In 2001 Sachtler and Curt O. Schaller launched the artemis camera stabilizer system at the NAB Show in Las Vegas. The artemis systems were the first modular camera stabilizer systems in the world. In addition, the artemis HD systems were the first Full HD camera stabilizer systems worldwide. The artemis Trinity system, developed by Curt O. Schaller (who was responsible for the idea, concept, design, and development) together with Roman Foltyn in 2015, was the first camera stabilizer system in the world that combined a mechanical stabilization system with an electronic one. In April 2016, ARRI acquired the artemis camera stabilizer systems developed by Curt O. Schaller from Sachtler.
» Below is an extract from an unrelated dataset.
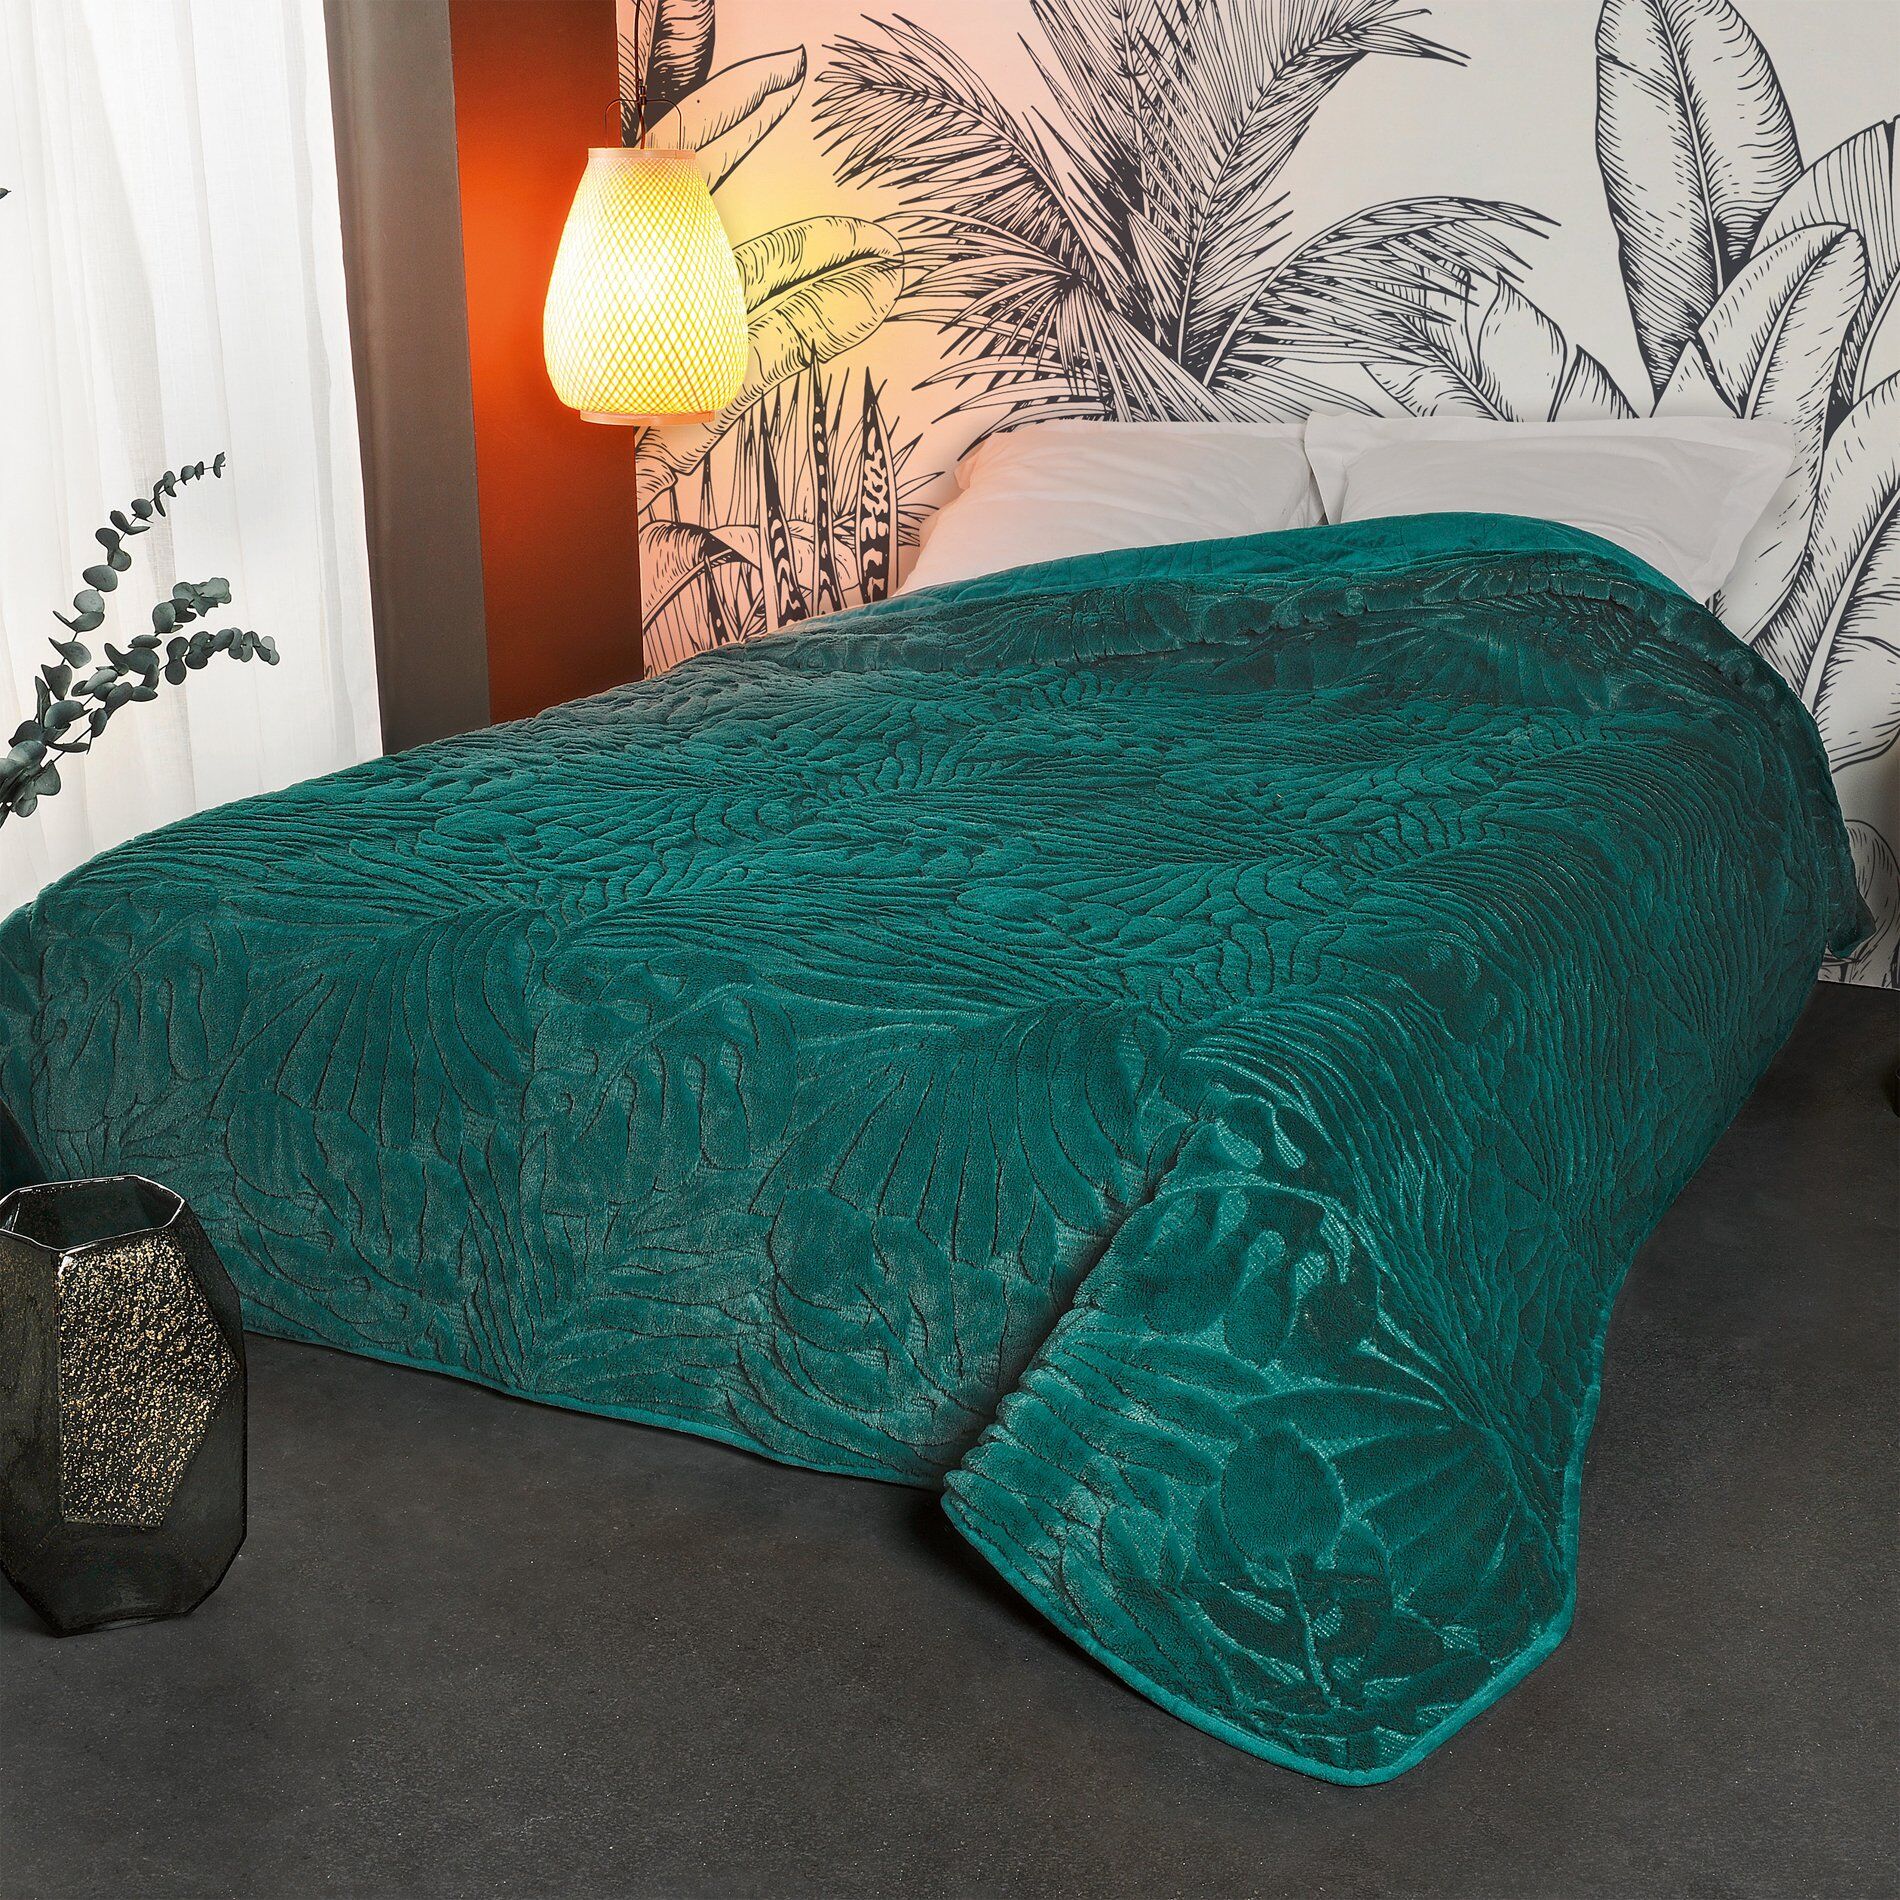 Linder Dessus de lit feuillages polyester vert emeraude 150x150cm

In 2022, under the leadership of Curt O. Schaller, the second generation of the Trinity, the ARRI TRINITY 2, followed. In 2025, Curt O. Schaller and Roman Foltyn were awarded the Scientific and Engineering Award of the Academy of Motion Picture Arts and Sciences (AMPAS): Curt Schaller for the concept, design and development of the Trinity 2 system and Roman Foltyn for the software and hardware design of its motorized stabilized head. In 2026, Curt O. Schaller and Roman Foltyn were also awarded the Engineering, Science & Technology Emmy Award of the Academy of Television Arts & Sciences (ATAS) for the development of the TRINITY camera stabilization system (ARRI TRINITY 2).

Since approx. 2015, it is common to stabilize moving cameras with remote controlled camera heads. The camera and lens are mounted in a remote controlled camera holder which is then mounted on a moving dolly, such as rail systems, cable suspended dollys, cars or helicopters. For example, the Newton stabilized remote head is broadly used to stabilize moving TV cameras at live broadcasts of sports and events.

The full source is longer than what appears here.